Even Toyota's best-selling Prius costs thousands more than a Toyota Yaris or Corolla, two cars that go from point A to point B while carrying five people. The 2012 Toyota Prius c obliterates the hybrid price penalty with a $19,000 starting price and a segment-leading 50 mpg combined.
The hybrid for the masses has arrived, and I honestly think Toyota won't be able to build enough of them to meet demand come March, when the car goes on sale. It comes in four trim levels, numbered One through Four.
Hybrid performance Like the familiar Prius liftback, the Prius c features Toyota's Synergy hybrid system, which has been refined to the point where we've observed its 50 mpg estimate over hundreds of real-world miles since the liftback's 2009 debut.
The Prius c teams a smaller four-cylinder gasoline engine -- 1.5 liters and 73 horsepower -- with an electric motor, for a combined 99-hp rating. The battery pack features fewer battery cells -- 120 versus 168 -- so it can fit tightly underneath the rear seats instead of under the cargo area, where it is in the traditional Prius. Other fuel-saving elements have also been downsized, like a smaller electric power steering system, to aid efficiency.
Mileage ratings are 53/46 mpg city/highway, and 50 mpg combined. The regular Prius gets an EPA-estimated 51/48 mpg and the same combined rating.
In terms of driving performance, the Prius c is about as exciting as you might predict, which is not very. But compare it with traditional high-mileage subcompacts like the Hyundai Accent and Ford Fiesta, and it gives up little ground, despite its sub-100-hp rating. Toyota said it can reach 60 mph in 11.5 seconds, but the car seemed faster merging onto the highway.
During a number of driving routes of between 20 and 50 miles apiece, the worst mileage my driving partner and I returned was 46.6 mpg, while the best was 54.4 mpg. The tests were done in hilly California in optimal 60-degree weather. While coasting downhill, you can shift the Prius c into a B mode for aggressive brake regeneration to fill the hybrid battery to its maximum level.
At the bottom of the hill, through residential streets, we engaged EV mode, which runs the Prius c on electric power only. Even in this mode, keeping the gas engine from activating requires slow and steady acceleration that would aggravate anyone behind you in traffic. Nor can you exceed 25 mph. It took practice, but both of us were able to travel a few miles in EV through a busy downtown area and through a few quiet streets.
On one route, using the B setting and EV mode, we traveled nearly 10 miles and returned 99.9 mpg.
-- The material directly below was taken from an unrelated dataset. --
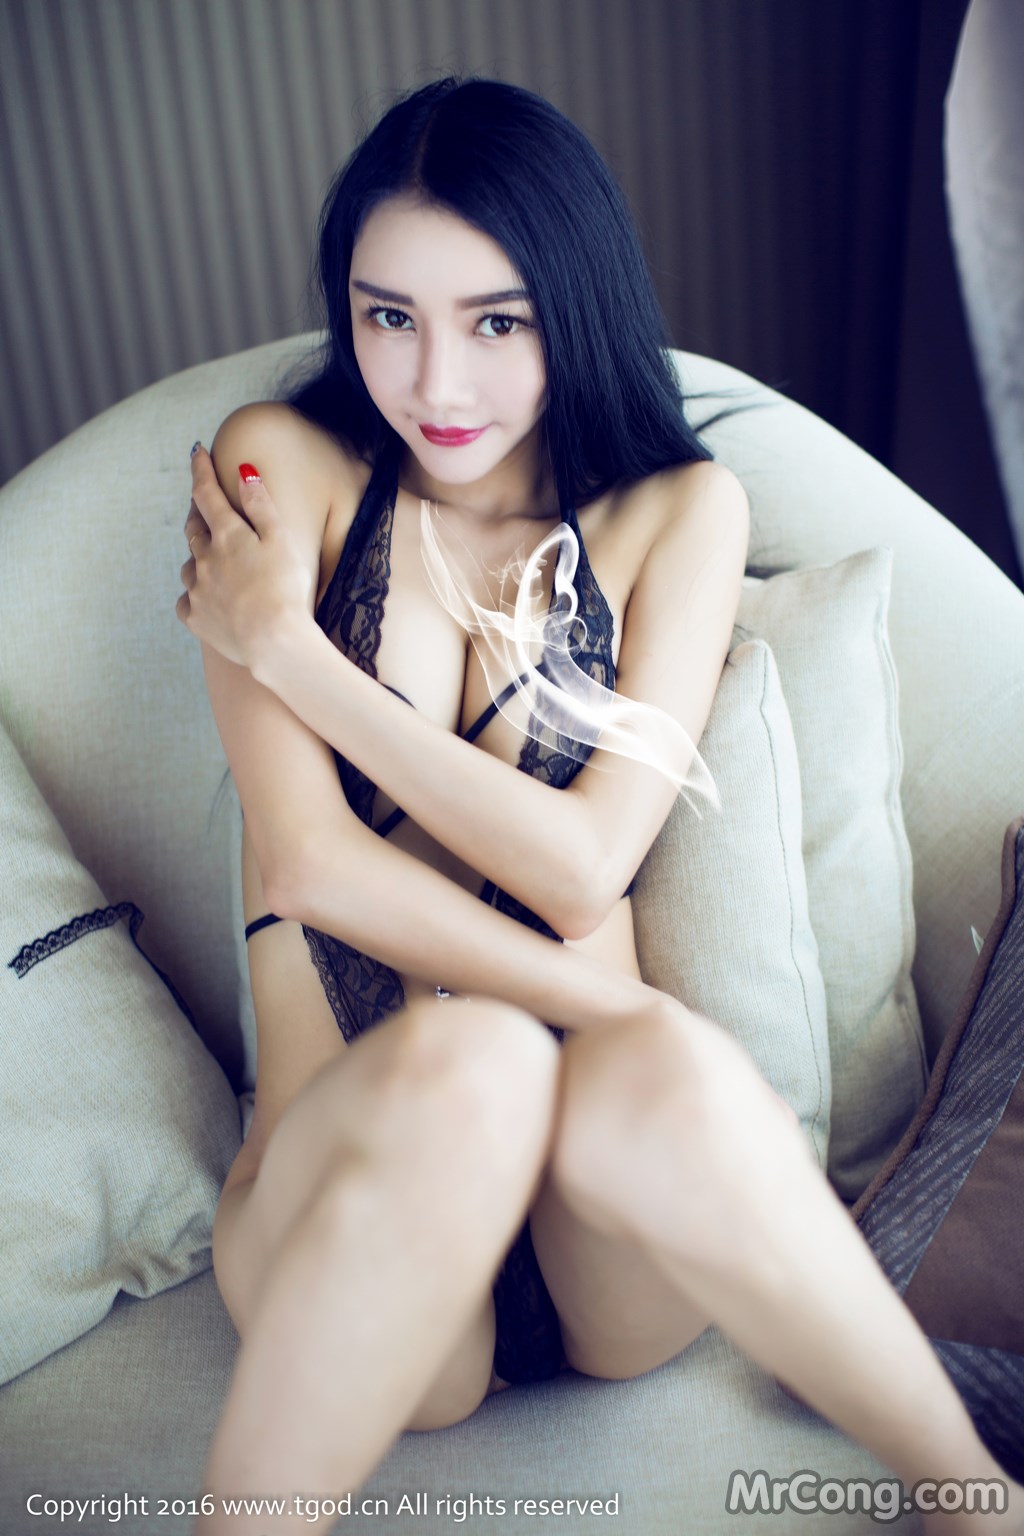 TGOD 2016-05-23: Model Jessie (婕 西 儿) (42 photos) photo 1-7

Then we headed back uphill.
A hybrid isn't a magical car. The Prius c's tiny engine strained going up steep hills -- as do many subcompacts, like those mentioned above -- and mileage dropped significantly. That said, the 46 mpg figure we hit was in the top trim level, the Four, which we pushed pretty hard. It was also equipped with optional 16-inch alloy wheels, which come in a package that also includes a slightly more aggressive suspension and steering system, and we wanted to see how fun the most fun version of the c could possibly be.
The fact that we accelerated as aggressively as any driver would, including on the longest highway stretch of the day, and still returned 46 mpg was as impressive as the 99.9 mpg we'd already marveled at.
The Prius c Four handled better than the rest of the lineup without giving up what is a remarkably comfortable ride. The c's 100.4-inch wheelbase is longer than those of the Yaris and Fiesta (about 98 inches) which helps in terms of ride comfort. The Accent's 101.2-inch wheelbase is slightly longer. The Prius c is slightly shorter from bumper to bumper than the Fiesta and Accent hatchbacks, and it's a few inches longer than the four-door Yaris hatchback.
Steering was less sharp in the other Prius c models, with much more play in the steering wheel. While I wouldn't call any of the trims a fun car to pilot through twisty roads, they're more than adequate for the typical commuter.
The standard low-rolling-resistance tires offered decent grip and didn't add excessive road noise. Overall, road noise was better than average for the subcompact class. The Prius c rides and feels worlds apart from the rough-riding Honda Insight -- a dedicated hybrid model at a similar price with significantly lower fuel efficiency. The two have nearly identical wheelbases, but the Prius c is 15 inches shorter overall. The Prius c also weighs nearly 250 pounds less.
The Prius c's braking was typical of hybrids with regenerative brakes. They feel spongy as the hybrid system engages to recapture energy for the battery. But at least it felt like a consistent, predictable sponge. I find the entire Toyota lineup generally lackluster in terms of braking feel, and the Prius c stopped more responsively than the non-hybrid 2012 Camry I recently tested.